Yo, tú, ellos, nosotros, todos discriminamos (I)
Se lee cada cosa pintoresca en los diarios nacionales. Una nota publicada el miércoles en un matutino hacía referencia a la “denuncia” de un tal Consejo Nacional de Restauración de la Espiritualidad Maya, sobre “la discriminación que sufren los pueblos indígenas en el Estado, y que se refleja en la falta de voluntad del Congreso para aprobar leyes que beneficien a esa población”.
Proseguía el texto citando a un señor llamado Pedro Ixcop, quien afirma que ocho iniciativas de ley se encuentran “estancadas” por “la prevalencia de la exclusión de los pueblos indígenas”. Entre ellas, la ley de consultas a los pueblos indígenas, la de lugares sagrados, la de generalización de la educación bilingüe, la de jurisdicción indígena, reformas a la ley de consejos de desarrollo, ley general de pueblos indígenas y una normativa referente a un programa de resarcimiento. Qué amasijo. Para desenmarañar tamaño revoltijo me he dado a la tarea de leer cada iniciativa y, en las próximas semanas, las comentaré en este espacio.
Hoy quiero referirme a un concepto que suscita mucha confusión y exabruptos emocionales: el de “discriminación”. Porque el batiburrillo que se traen los diputados con las iniciativas mencionadas es un puro reflejo de la mescolanza mental de quienes los eligieron: la palabra discriminación es equiparada por la mayoría de guatemaltecos con racismo, mezquindad, odio y demás.
Es conveniente que nos aclaremos. Discriminar, en realidad, consiste en elegir. Eso significa que todos discriminamos todo el tiempo: si escogemos cursar una carrera en ciencias sociales, discriminamos las carreras en ciencias exactas. Si elige usted una pareja debe discriminar a todas las demás personas con quienes pudo haber hecho par o contraído matrimonio. Es más, su cónyuge seguramente le exigirá (y usted le exigirá a él o a ella) una continua discriminación a su favor y en contra de terceros. Obligación de fidelidad le llaman a eso, pero es un mero ejercicio de discriminación. Y está bien. Porque, en vista de que nuestra existencia implica una sucesión de escogencias, la vida se nos va discriminando.

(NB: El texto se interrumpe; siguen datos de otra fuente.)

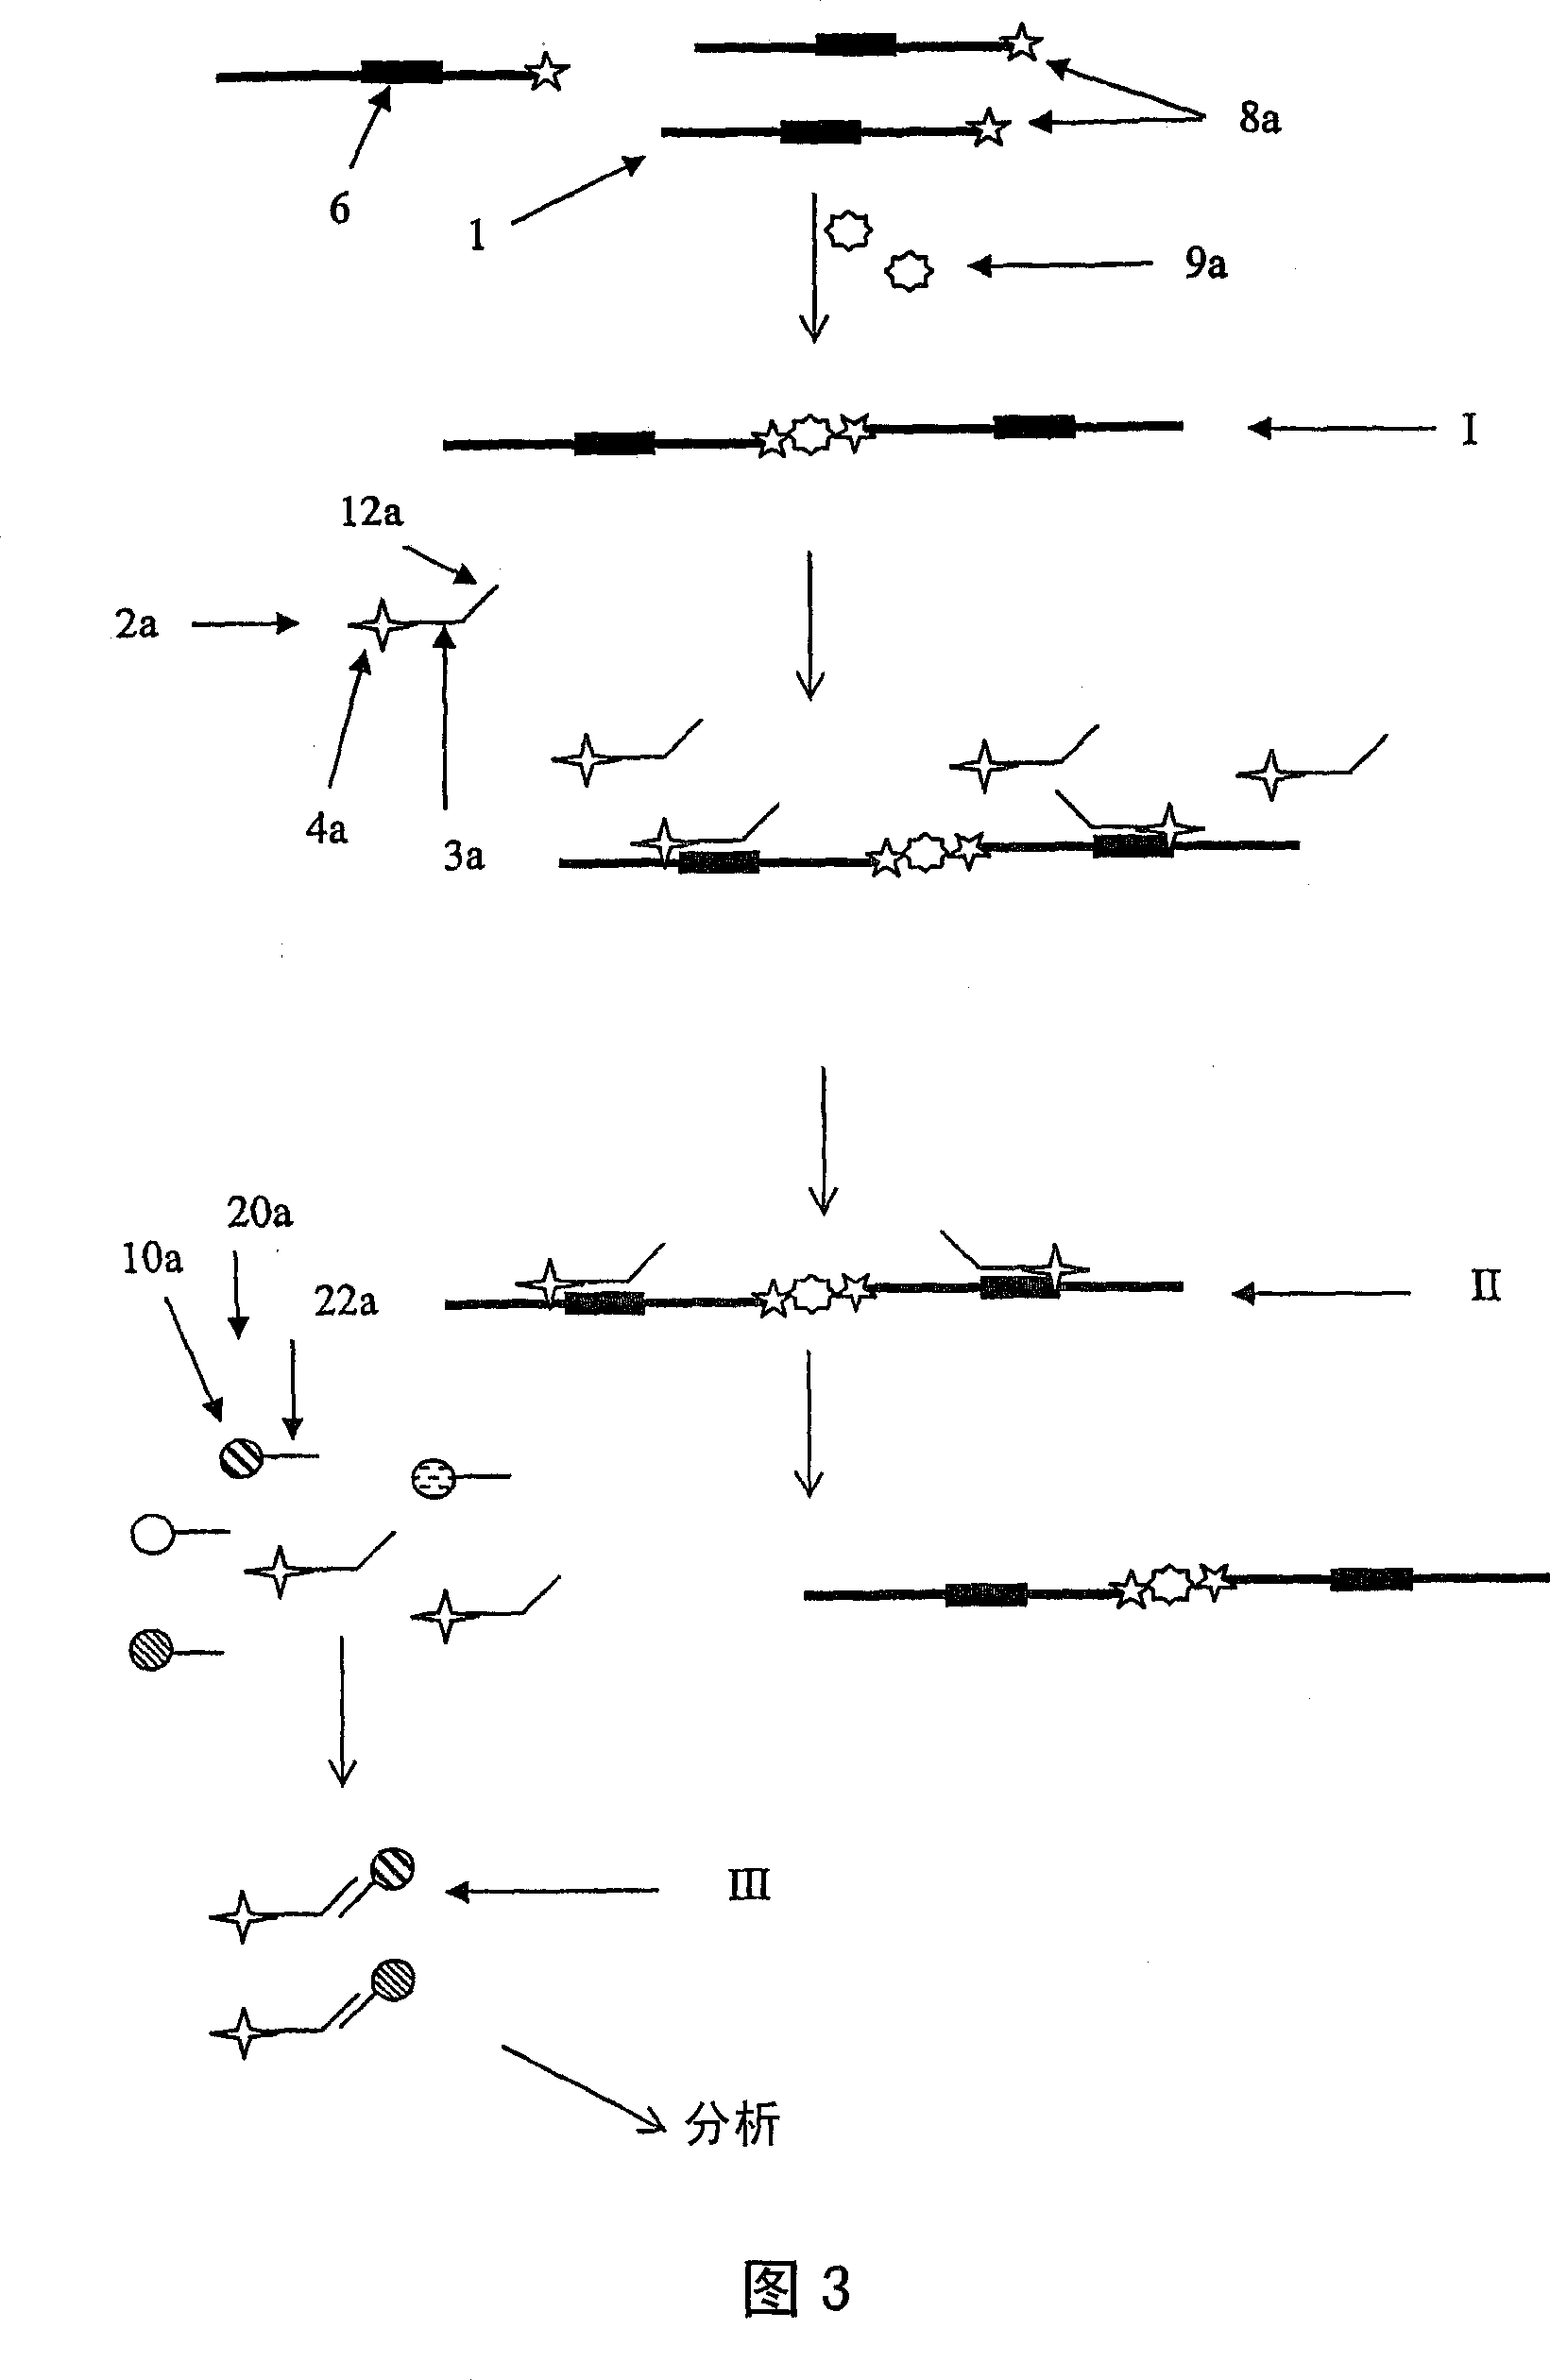 Method and kit for primer based amplification of nucleic acids

La discriminación consiste en establecer y apegarse a criterios de elección, y sería imposible pasar por este mundo sin ejercerla. Por eso es muy tonto pretender eliminarla por decreto. ¿No se establecen acaso criterios electivos en prácticamente todas las actividades cotidianas? De edad, de sexo, de condición física, de formación en tal o cual ámbito profesional, de capacidades y habilidades determinadas, de ciertas disposiciones o circunstancias, y así. Intente entrar al cine con sus hijas de seis y cuatro años a ver una película apta solo para adultos: discriminarán a las niñas. Lo mismo sucederá con usted si es hombre y pretende usar el baño de mujeres de un sitio público.
¡Ah!, pero esos criterios —ineludibles al vivir en sociedad— no son lo mismo que discriminación étnica, dirá usted. Sin embargo, todos tendemos a discriminar por motivos étnicos. Ignoro si el INE tiene alguna categoría en la que se establezca el número de guatemaltecos casados con personas de etnias distintas a la propia, pero me atrevo a afirmar que éstos constituyen una exigua minoría. Es un hecho que la gente suele emparejarse dentro de su grupo étnico. Discriminan, en suma. Todos discriminamos.